They make repeated statements about relying on the server to protect the file
from access such as "We depend on the server to correctly process ACLs and
serve files that the user is authorized to view." and "If the server can be
trusted to enforce the ACLs,no malicious user, perhaps named Mallory, can be
permitted to read Alice's files." but since the premise of these projects is
to deny trust to the server it seems odd to trust the server with anything.
They do make sure that file contents cannot be read by the server without the
client key, however I'm not sure why they went ahead and implemented a server
except as a learning exercise or perhaps to provide an end-to-end solution.
Inspection of the GitHub code raised some odd practices, such as explicit
calls to sys.path.insert(0,
'/home/henchill/Documents/Workspace/encrypted_file_system/server'), which
makes me think perhaps it wasn't packaged correctly. At least they put it on
GitHub, some of the other project were shipped as tar.gz.

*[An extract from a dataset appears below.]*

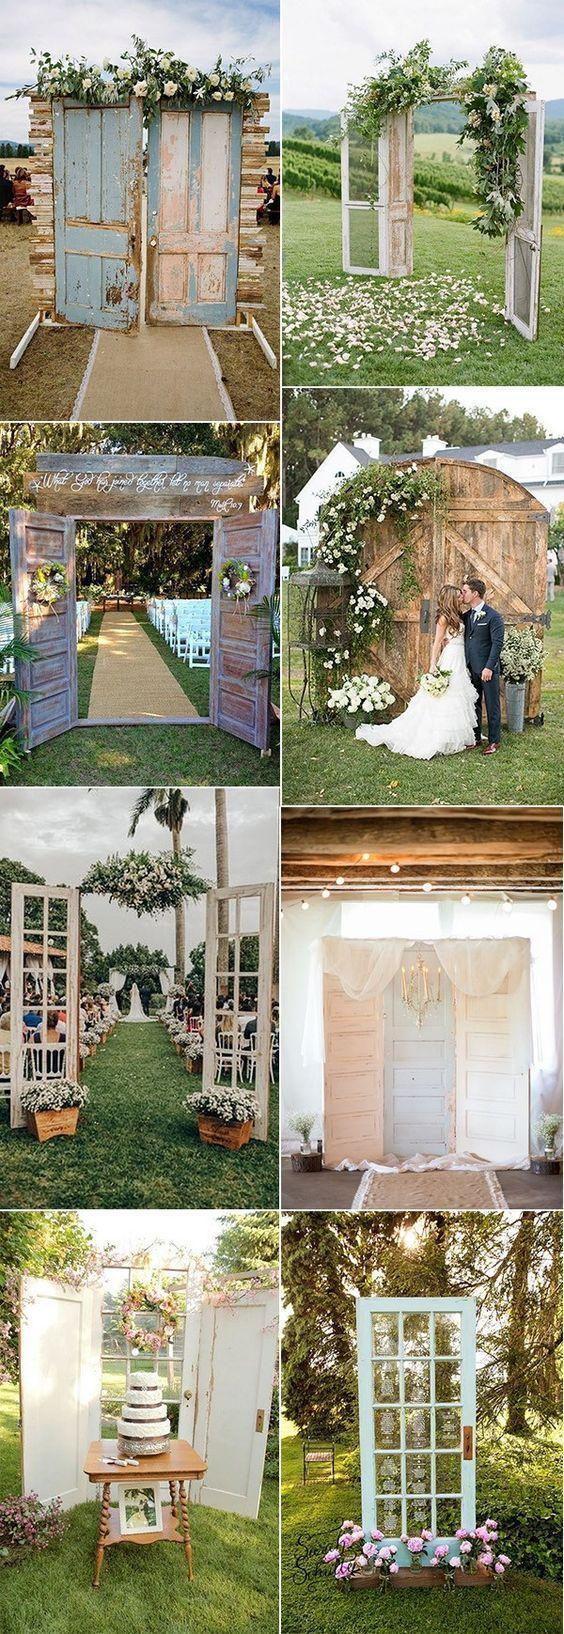 100+rustic wedding ideasdiy country outdoor wedding

* FyreBox - Encrypted File System

"Our filesystem is made up of 3 components: the client, the server, and a
trusted cloud service." A trusted cloud service for the keys? I don't know why
you would trust a cloud service and not the server. GitHub code seems
reasonably clean, but requiring trusted cloud service seems like a
dealbreaker.

* KBox: An Encrypted File System

I see a lot of math and LaTex, and security seems well considered, but I have
to wonder about usability. The solution seems to store so much on the client
side, including information needed to reconstruct the root directory and file
names, that access from multiple clients or using it for sharing files seems
untenable. However, I could have misunderstood. Noticed mixed tabs and spaces
in the Python code, as well as cleartext password and private key in the code.
Even if it is for testing, seems like bad practice.

* DarkFS - An Encrypted File System

I think I actually liked this one the best. They start right out by saying
they do not trust the server for anything, and implemented their solution
against the Dropbox API. They insert and encrypt the permissions/ACLs with the
file data. However, these permissions are enforced by the client, so I wonder
if a malicious client implementation could sidestep the permissions checking
entirely. It is unclear if the permissions are enforced by the nature and
sequence of the encryption itself. They also mention that had some issues with
the Dropbox API, specifically being unable to encode file sharing data. I
wonder if they would have been better served to implement their solution
against the Amazon S3 API, as it supports file metadata and is quickly become
the standard for file storage. S3 API is implemented by OpenStack Swift, EMC
Atmos, Hitachi HCP, etc. Their code seemed well organized and the writers
seemed familiar with Python. Would have preferred to see it on GitHub.

I was also a bit disappointed not to see anything here about distributed
filesystems, leveraging torrents or other distributed infrastructure so that
no server has the whole picture. There was interesting work done in projects
such as Tahoe-LAFS years ago, nothing in these MIT projects seems radically
innovative.

------
dvorak42
To compare with previous years
([http://css.csail.mit.edu/6.858/2013/projects.html](http://css.csail.mit.edu/6.858/2013/projects.html)):

2013 vs 2014

2/35 vs 4/25 - Bitcoin Projects

12/35 vs 4/25 - Encrypted Filesystems

2/35 vs 1/25 - Privilege Separation

------
wyclif
The reference materials page is also worth checking out:
[http://css.csail.mit.edu/6.858/2014/reference.html](http://css.csail.mit.edu/6.858/2014/reference.html)

------
brador
There should be a final project like this to make distributed systems. It's a
new area and could disrupt major players.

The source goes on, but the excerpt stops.